Тьен громко зарычал и превратился. Потому что иначе этот придурок и впрямь потратил бы собственную жизненную силу, драгоценные дни или даже годы собственной жизни на то, чтобы спасти никчемный кусок человеческой плоти, бывший, к несчастью, отцом Тьена.
Рен незаметно выдохнул, потому что на самом деле ему совершенно не хотелось сейчас обращаться к сырой магии. Он сделал бы это, если бы выбора не было, но, по счастью, до этого не дошло. Прищурившись и отогнав прочь все эмоции — сейчас было не время для них — он положил руку на спину Тьену, подхватил поток силы и принялся лечить лежавшего перед ним человека. Убрав повреждения на лице и шее (и действительно оставив пару синяков, чтобы излеченный не счел все произошедшее пьяным бредом), он просканировал весь организм, наложил укрепляющие чары на некоторые внутренние органы и уже был готов убрать руку, когда ему пришла в голову идея. Рен даже усмехнулся. Он читал об этом заклинании лишь однажды и почти случайно запомнил формулу. Колдун свернул сложным узором завиток силы, оборачивая желудок и закрепляя сделанное парой слов, и только после этого выпрямился, отряхивая руки. Когда этот неприятный человек решит употребить алкоголь — а по всем признакам это случится скоро, как только они оставят его одного — его ждет сюрприз, который ему совсем не понравится. И ведь никто не сможет сказать, что заклинание причинило ему вред, напротив!

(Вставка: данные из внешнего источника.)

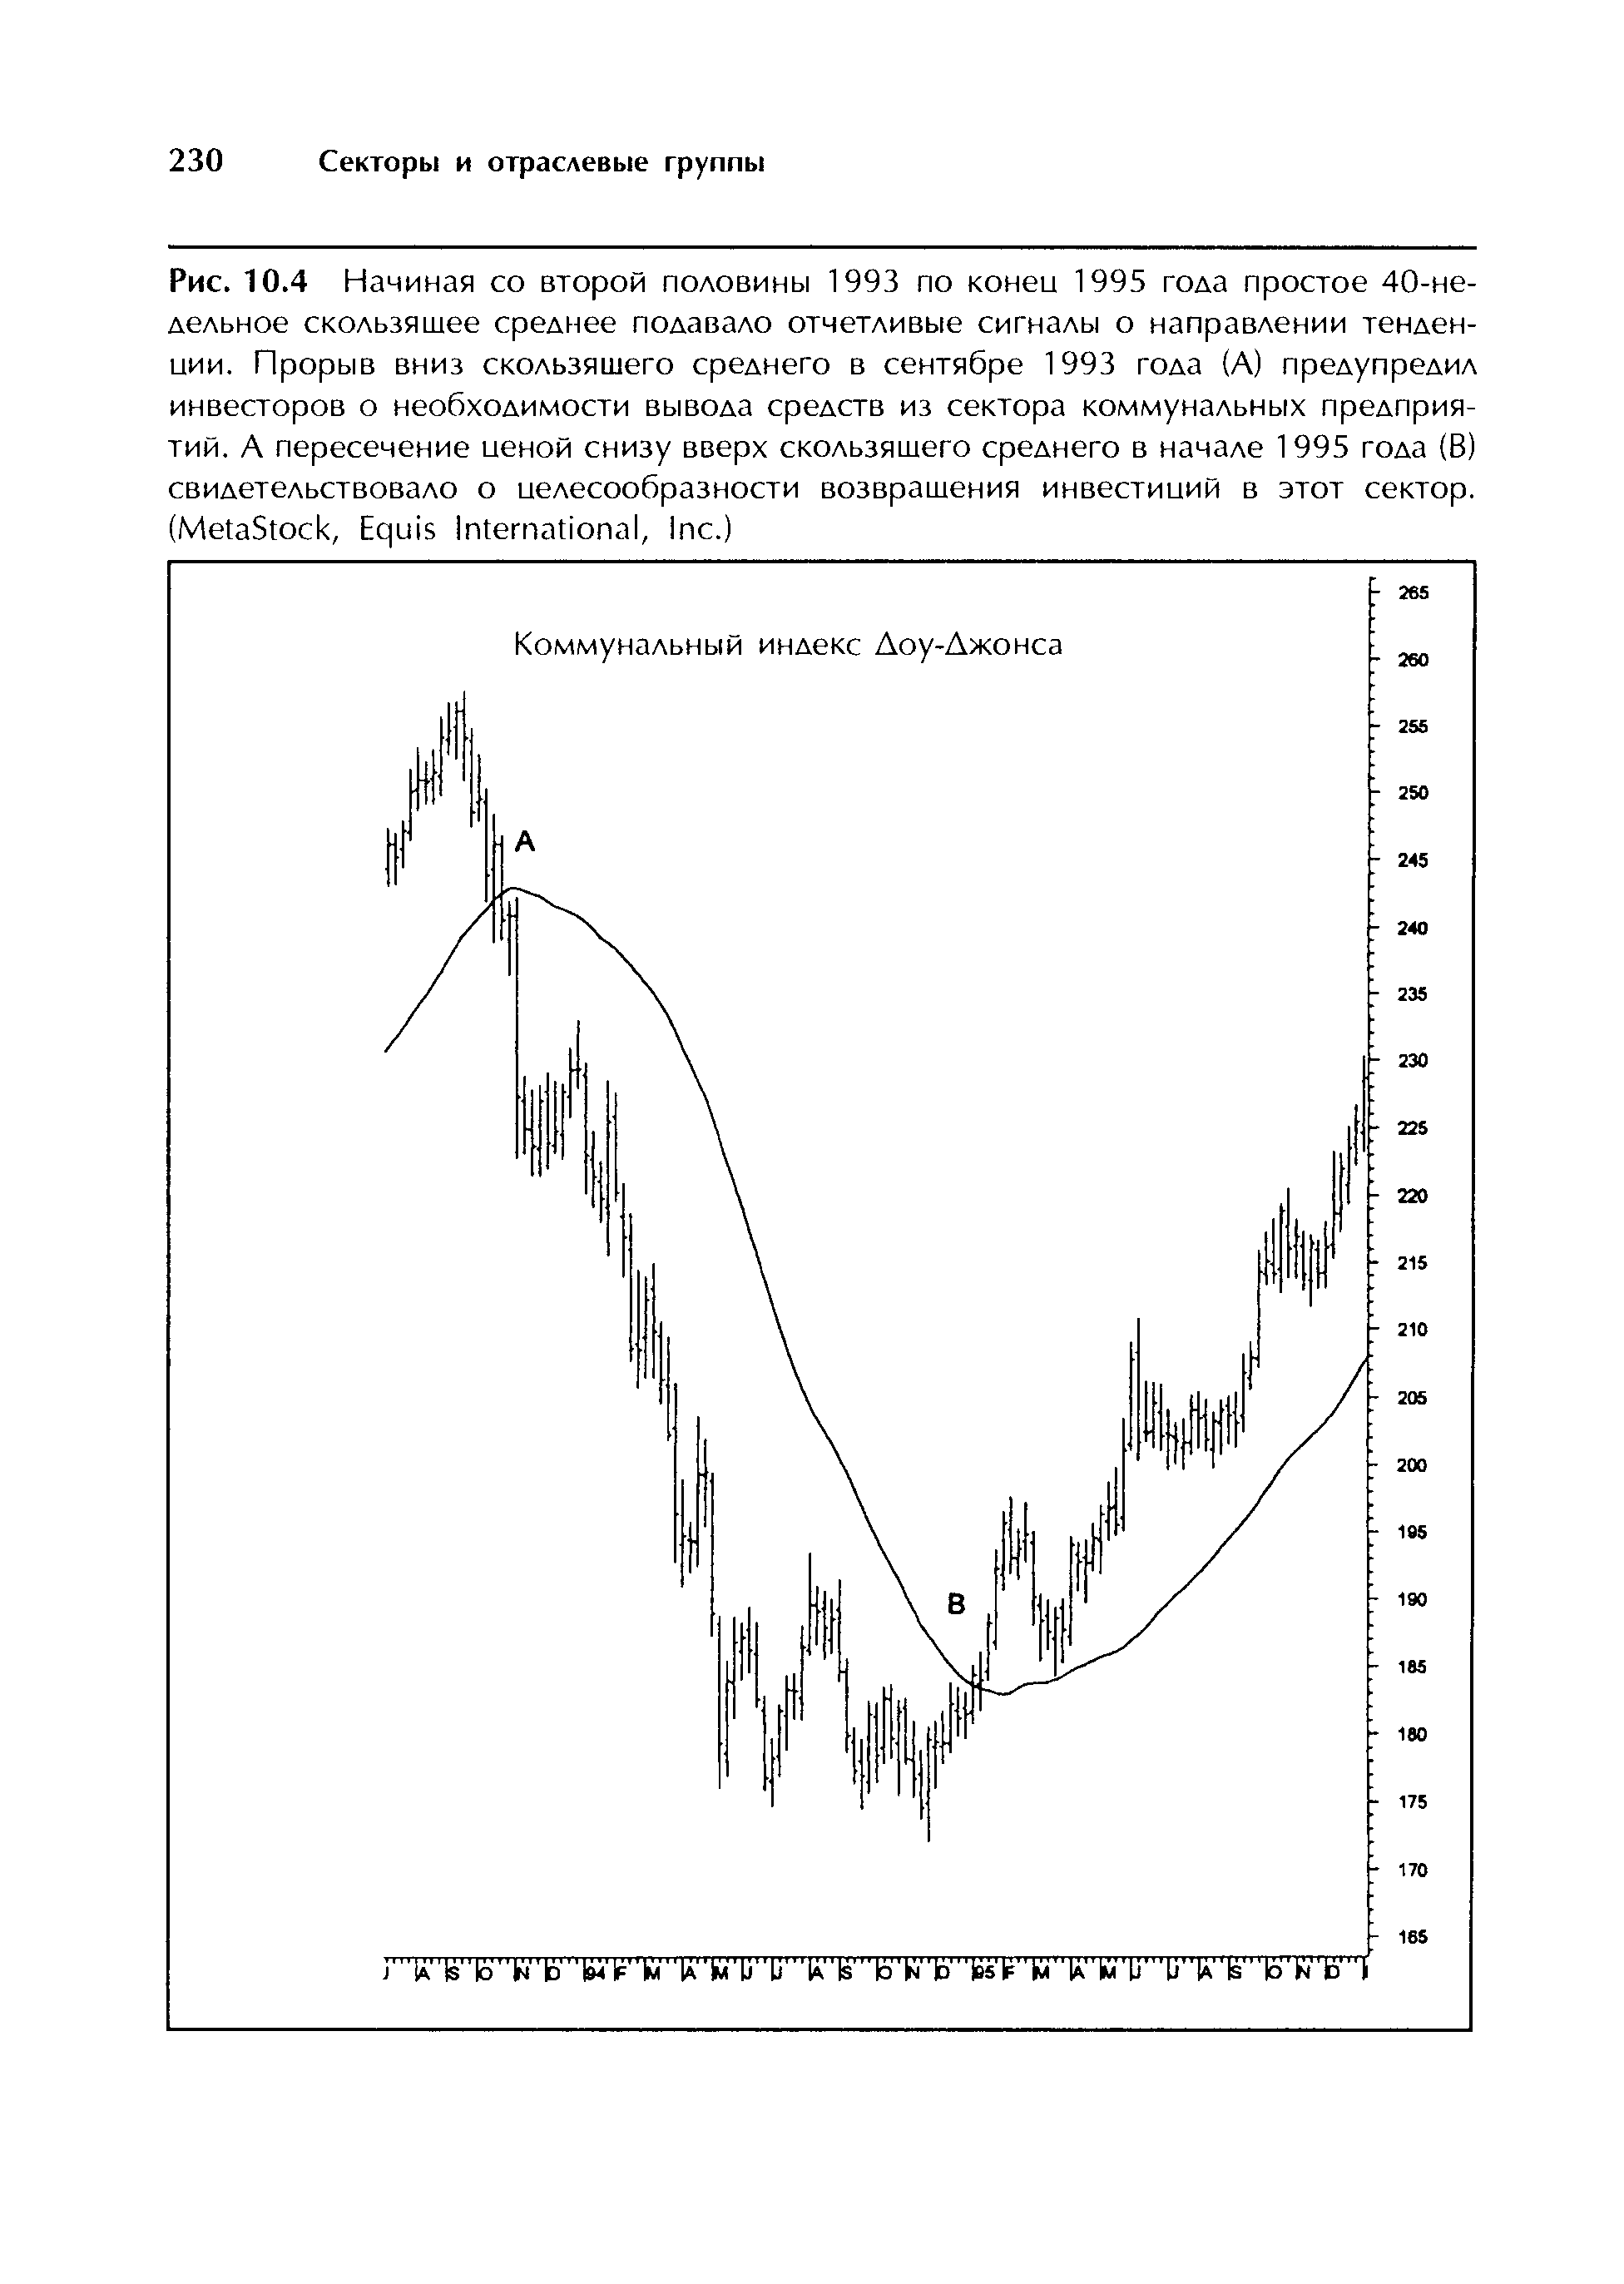 Рис. 10.4 Начиная со второй половины 1993 по коней 1995 года простое 40-не-дельное <a href="/info/4825">скользящее среднее</a> подавало отчетливые сигналы о направлении тенденции. Прорыв вниз <a href="/info/4825">скользящего среднего</a> в сентябре 1993 года (А) предупредил инвесторов о необходимости вывода средств из сектора <a href="/info/37004">коммунальных предприятий</a>. А пересечение иеной снизу вверх <a href="/info/4825">скользящего среднего</a> в начале 1995 года (В) свидетельствовало о целесообразности возвращения инвестиций в этот сектор. (MetaSto k, Equis International, In .)

Мысленно похвалив себя за изобретательность, Рен повернулся к фамилиару, уже принявшему человеческий вид, и решительно кивнул:
— Нам пора.
Тьен последовал за ним, не говоря ни слова. Пока они шагали по улице, Рен незаметно наблюдал за фамилиаром. За тем, как он то нервно стискивает кулаки, то запускает пальцы в волосы, как отводит взгляд и как на его щеках загораются два красных пятна. Рен никогда не считал себя знатоком человеческих эмоций, но сейчас он был уверен, что прочел их правильно. Тьена сжигал стыд. Это можно было понять. Колдун, которому фамилиар никогда толком не доверял, оказался свидетелем чего-то очень личного, очень неприятного и болезненного, ему продемонстрировали грязное белье — по крайней мере, с точки зрения самого Тьена.
Это не могло быть приятным или легким. И пусть Рен считал, что Тьену нечего стыдиться — он понимал, что сам на его месте тоже не мог бы посмотреть себе в глаза. Он знал только один способ хоть как-то исправить положение. Поэтому на следующем перекрестке он повернул направо.
— Б-библиотека там, — возразил Тьен, указывая налево. Хорошо, значит он хотя бы следил за тем,что происходит вокруг.
— Библиотека подождет. Сначала я хотел бы показать тебе кое-что.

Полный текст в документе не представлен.